9. The primary contention of the assessee is that the findings recorded by the authorities are perverse.Explanations furnished by the assessee regarding the occasion for receiving various gifts should have been believed. Even before this Court, the assessee has placed on record some affidavits to support his plea that the amount was remitted by certain persons from abroad on some family function claiming them to be his family relations. Neither the relation was mentioned nor occasion of the gifts.

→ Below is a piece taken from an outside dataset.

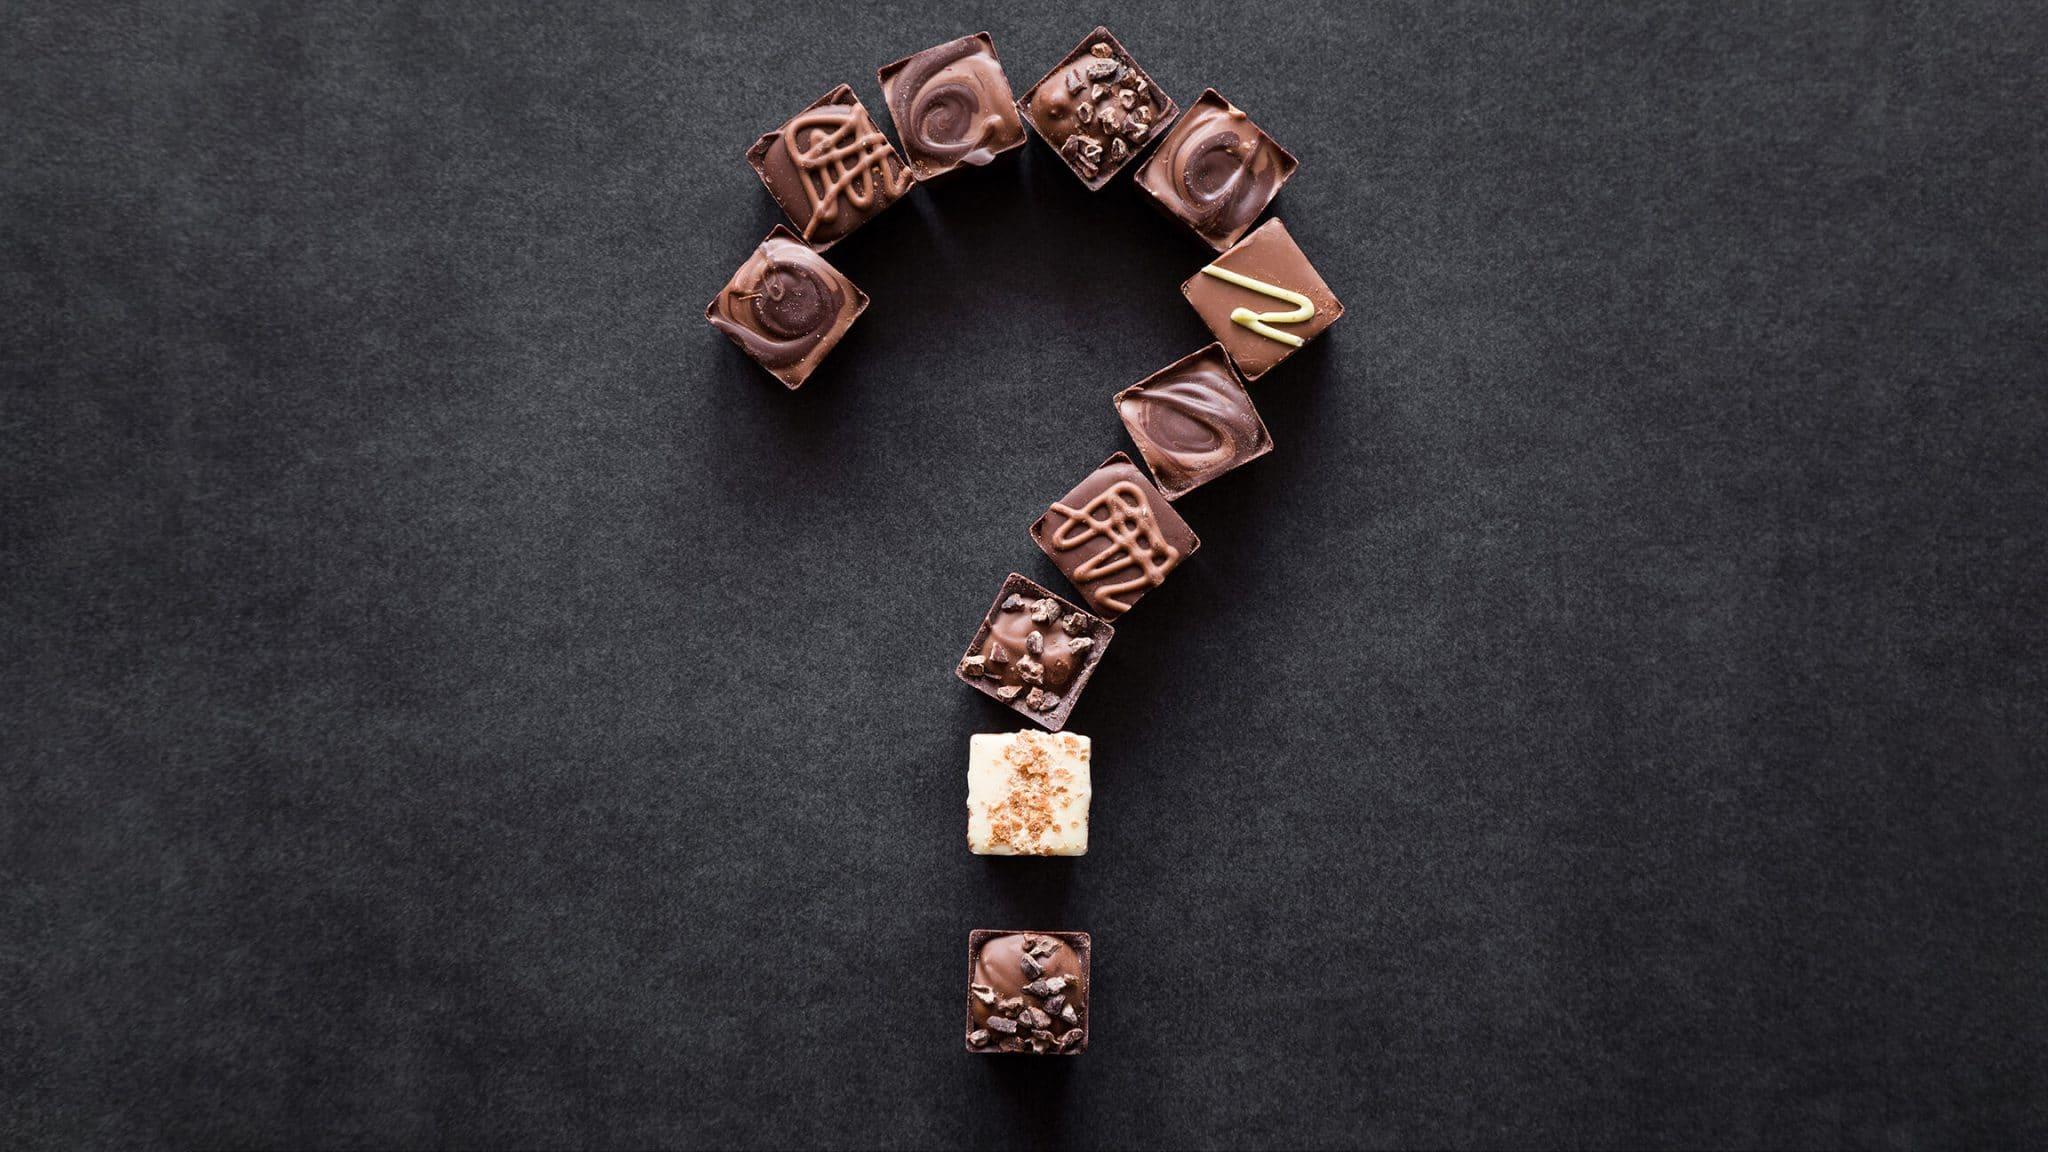 chocolat test de produits trnd 1 scaled

10. While considering similar plea raised by the assessee, this Court in Harish Kumar Singal vs. Asstt. CIT (2005) 193 CTR (P&H) 265 : (2005) 276 ITR 355 (P&H) observed as under : “………..This Court while adjudicating an appeal under s. 260A of the Act is required to decide only substantial questions of law and shall interfere if it is shown that the finding of the Tribunal is either perverse, arbitrary or is based on no material or is contrary to any statutory provision. This Court cannot interfere with the order only on the ground that on a reappraisal of evidence, as an appellate forum, a different view can be taken. Learned counsel for the appellant, has not been able to show by referring to any material on record that the factum of gift from a non-resident Indian was ever disclosed in the returns filed by the assessee. Thus, we do not find any valid ground to interfere with the finding recorded by the Tribunal. None of the cases relied on by learned counsel for the appellant has got any parallel with the case before us. Therefore, the same cannot be made the basis for deleting the addition made by the AO which, as mentioned above, was upheld by the Tribunal.”

11. In the above matrix of facts, we find that findings of the Tribunal are in the nature of findings of fact giving rise to no question of law much less a substantial question of law. View taken by the Tribunal in the given facts is a possible view.

Accordingly, the appeal is dismissed.